Sturgis E M, Howell L L
Department of Otolaryngology/Head and Neck Surgery, Tulane University Medical Center, New Orleans, LA 70112, USA.
Int J Pediatr Otorhinolaryngol. 1995 Oct;33(2):149-57. doi: 10.1016/0165-5876(95)01193-f.
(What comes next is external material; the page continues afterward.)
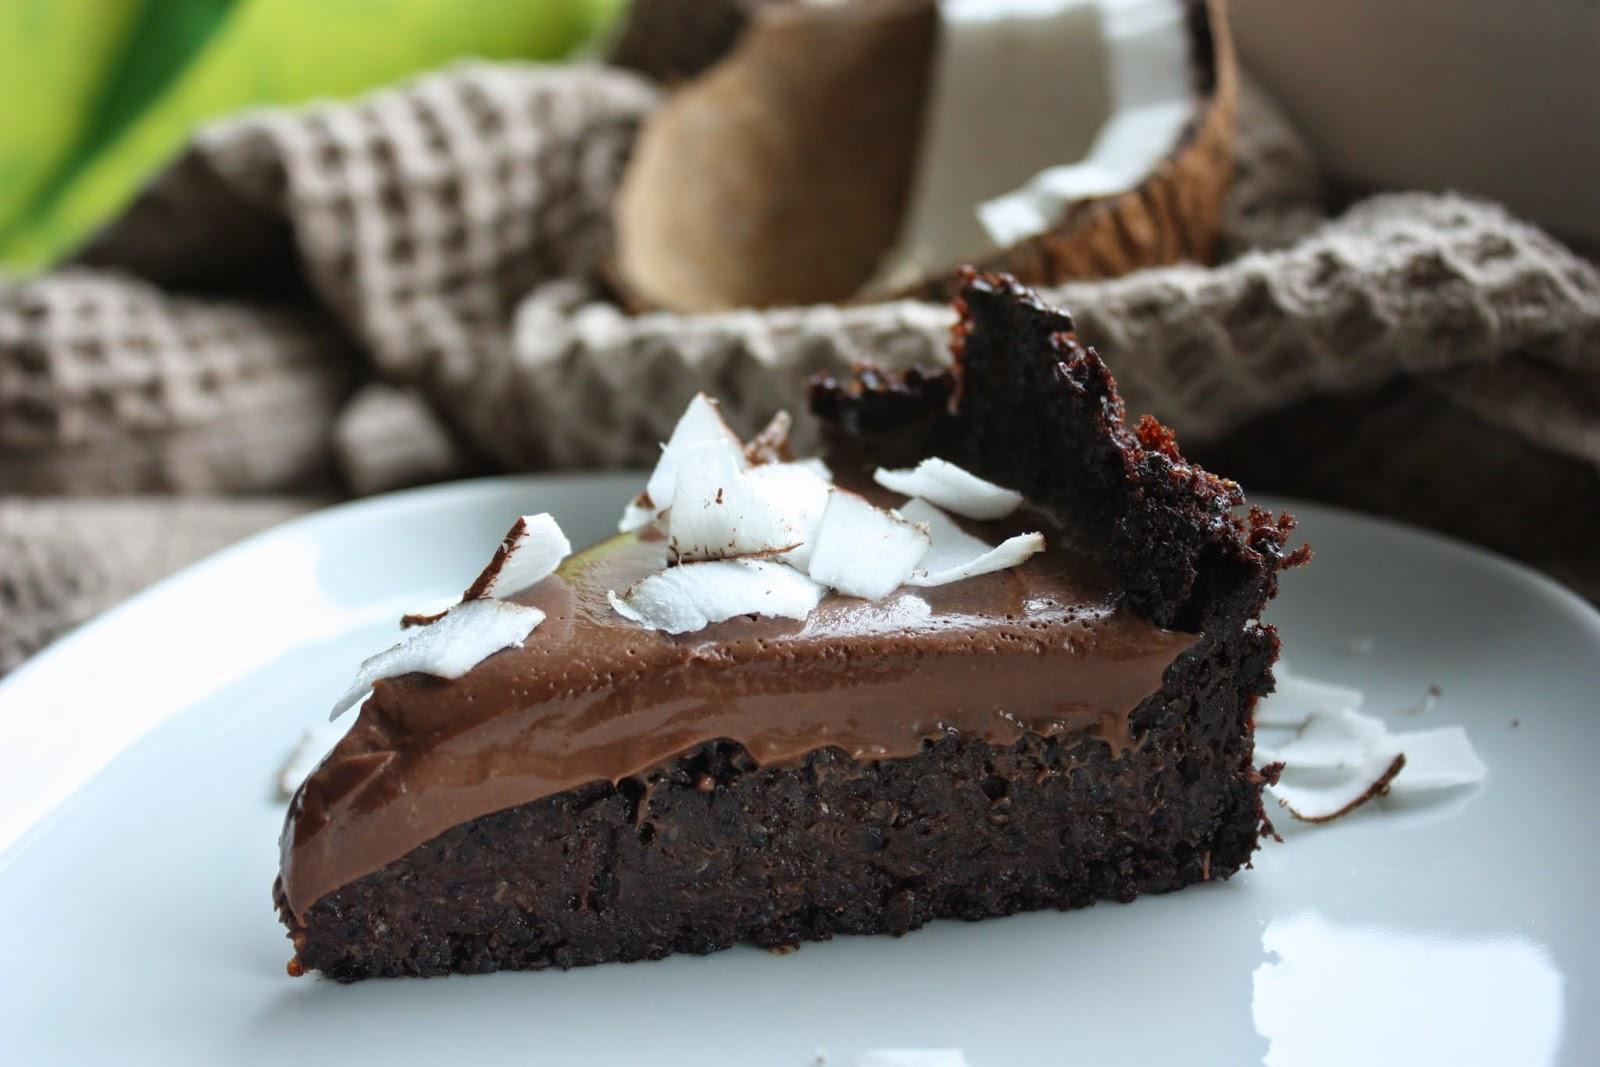 Gateau au quinoa et chocolat

True bifid epiglottis is an extremely rare laryngeal anomaly, which usually presents in the neonate with symptoms of aspiration and/or airway obstruction. Management is generally supportive observation as the symptoms lessen with age, but rarely tracheotomy is required for airway obstruction. Bifid epiglottis occurs in a syndromic picture with associated anomalies, especially polydactyly, cleft palate and retro/micrognathia but a significant number will have endocrine, gastrointestinal and genitourinary abnormalities. A case of true bifid epiglottis is presented and the literature is reviewed on the subject.
真性会厌裂是一种极其罕见的喉部异常,通常在新生儿期出现误吸和/或气道阻塞症状。由于症状会随着年龄增长而减轻,所以一般采取支持性观察的治疗方法,但在气道阻塞的情况下很少需要进行气管切开术。会厌裂常伴有相关异常,特别是多指畸形、腭裂和小颌/后缩颌,但相当一部分患者还会有内分泌、胃肠道和泌尿生殖系统异常。本文报告了一例真性会厌裂病例,并对该主题的文献进行了综述。